Monday: Take 6:30 a.m. flight to Barcelona. Spend the day in Barcelona, then take the 11:45 p.m. night bus to Avignon. *No sleep*
Tuesday: Arrive in Avignon around 8:00 a.m., sleep in Avignon.
Wednesday: Spend day in Avignon, leave Avignon at 7:30 p.m. on night bus. *No sleep*
Thursday: Arrive at 2:30 a.m. in Barcelona, sleep in Barcelona.
Friday: Spend all day/night in Barcelona.
Saturday:
Spend all day in Barcelona, stay up until 3:45 a.m. to catch bus to airport. *No sleep*
Sunday: Arrive in Sevilla at 8:30 a.m.

As someone who has trouble sleeping anywhere but a dark room on a bed in complete silence, the night buses were less than a good idea (hence the *no sleep* markers). Even as I was looking at our itinerary before we left, I knew that this was going to be miserable. But heck, I'm young and dumb and poor! Let's do it!

Barcelooooona!

How to describe Barcelona? I'll throw some adjectives out there: lively, unique, metropolitan, artsy, bustling, liberal, weird, and above all, fun. It's extremely different from the rest of Spain. For example, the regional language is Catalan, an unholy French-Spanish hybrid that I couldn't understand in the slightest. There's no flamenco dancing, there's no bullfighting, there's no Cruzcampo, their clothing is bizarre, and tapas aren't a big deal. Plus, there are pictures and drawings of topless women just about everywhere you look (you get used to it surprisingly quickly).

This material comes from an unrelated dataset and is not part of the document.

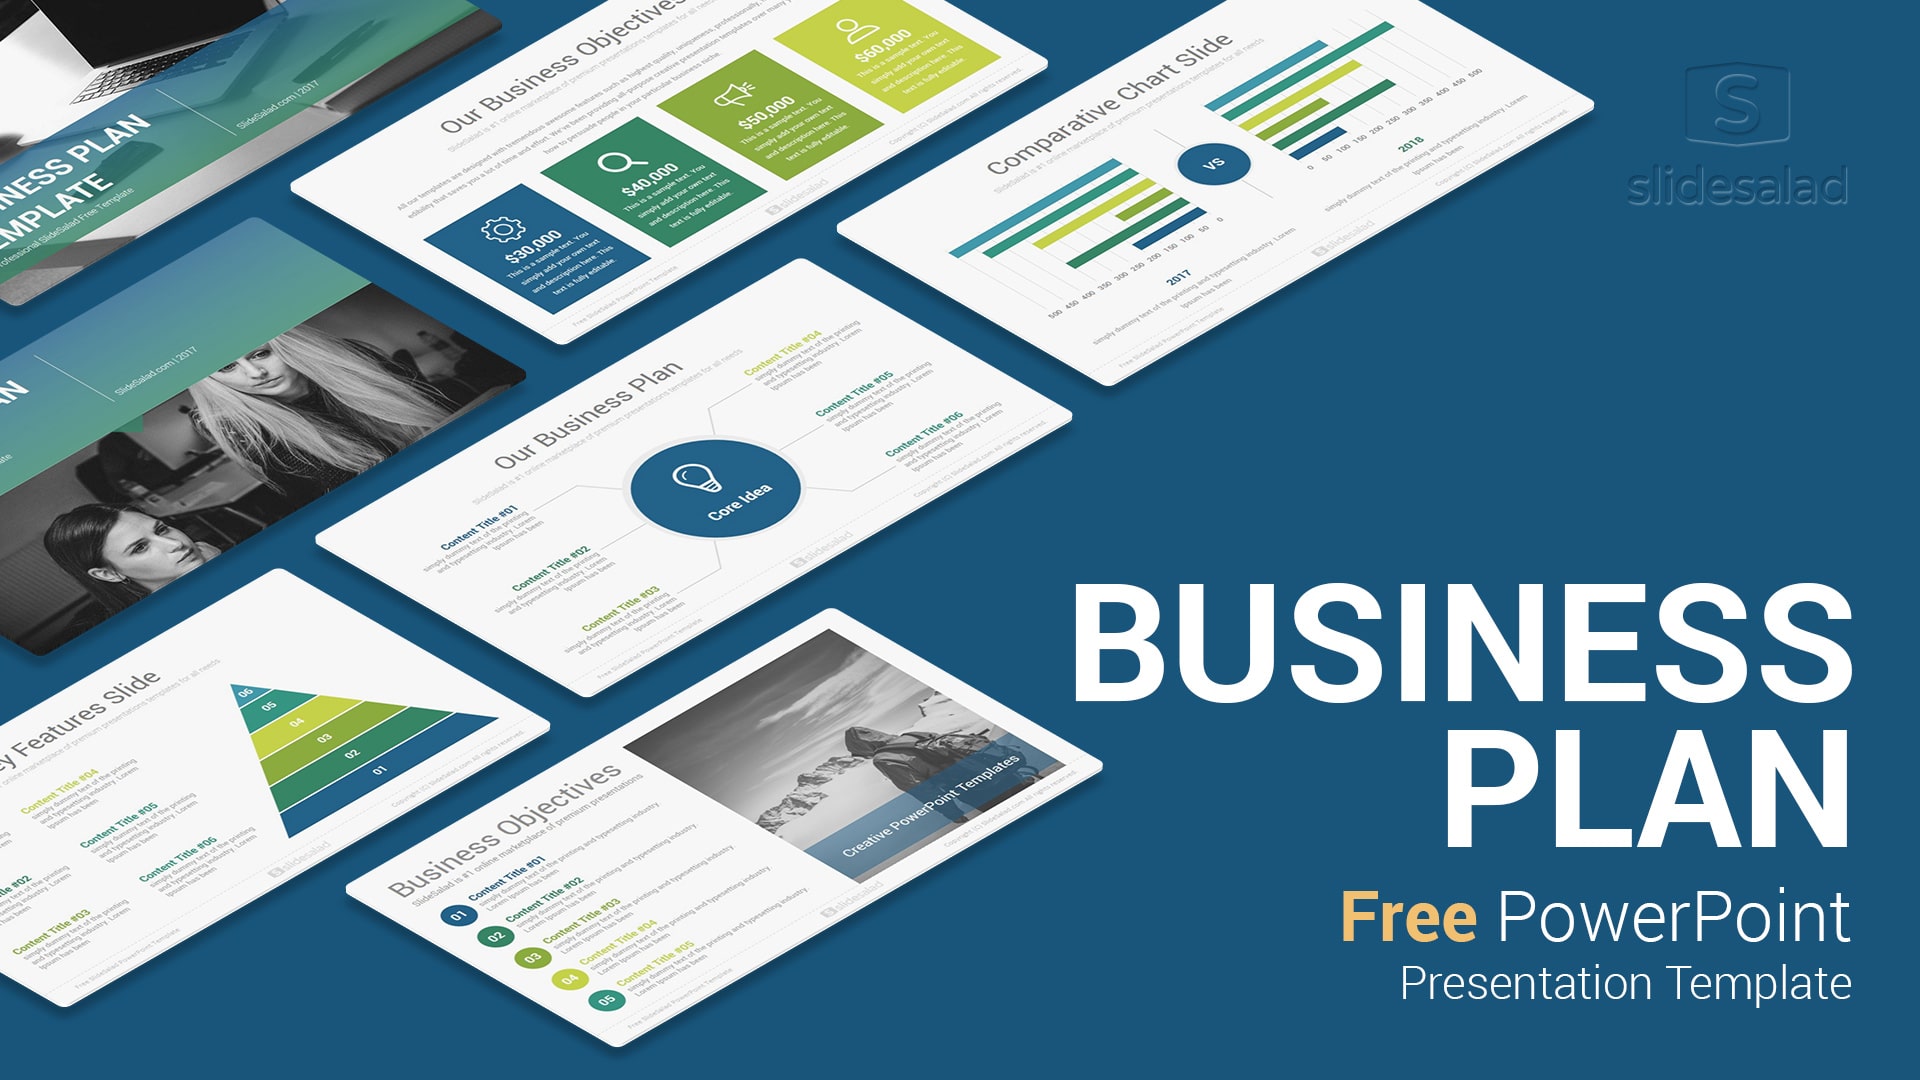 Business Plan Free PowerPoint Presentation Template - SlideSalad With Free Download Powerpoint Templates For Business Presentation

We arrived in Barcelona around noon with absolutely no plans for the first day. We wanted to save all of the big, important sights for our return trip, so we spent the majority of the afternoon ambling into random museums. First up: the Maritime Museum! Barcelona used to be Spain's main trading port, and as a result they have tons of old boats and boat-related artifacts.















We all live in a... wooden submarine? What the what?! We were incredulous but it turns out that yes, some of the first submarines were made out of wood. I'm going to make an educated guess that they were also probably not very fun to ride in.




















My word, it's the most fancily-decorated boat I've ever seen! It's 50 feet tall, covered in gold leaf, and has actual paintings on the sides. I want to take it on Lake Travis sometime. Motorboats? Please.




















The first underwater diver's suit. It looks terribly uncomfortable and I'm not sure that it was designed with actual humans in mind. First of all, the suit is about five feet tall and doesn't look as it would fit an adult male. Second of all, there are only three fingers on each glove. Third of all, the shoes are solid metal... isn't that how they "whack" guys in Mafia movies?

After leaving the Maritime Museum, we were a bit hungry so we decided to try something a little more edible: the Chocolate Museum. No, seriously! It's a museum all about the history of chocolate and the process of making chocolate. However, the best part is all the crazy sculptures built out of chocolate.















The outside of the museum. Note that chocolate is spelled "xocalata"-- in Catalan, the x makes a "ch" sound and is at the front of tons of words. Keep this in mind, Scrabble players.
















A Roman chariot and horses all made out of chocolate. Honestly, whoever makes these has the best/most delicious job ever. I could never do it, though, for two reasons: A) no artistic talent, and B) inability to refrain from eating sculpting material.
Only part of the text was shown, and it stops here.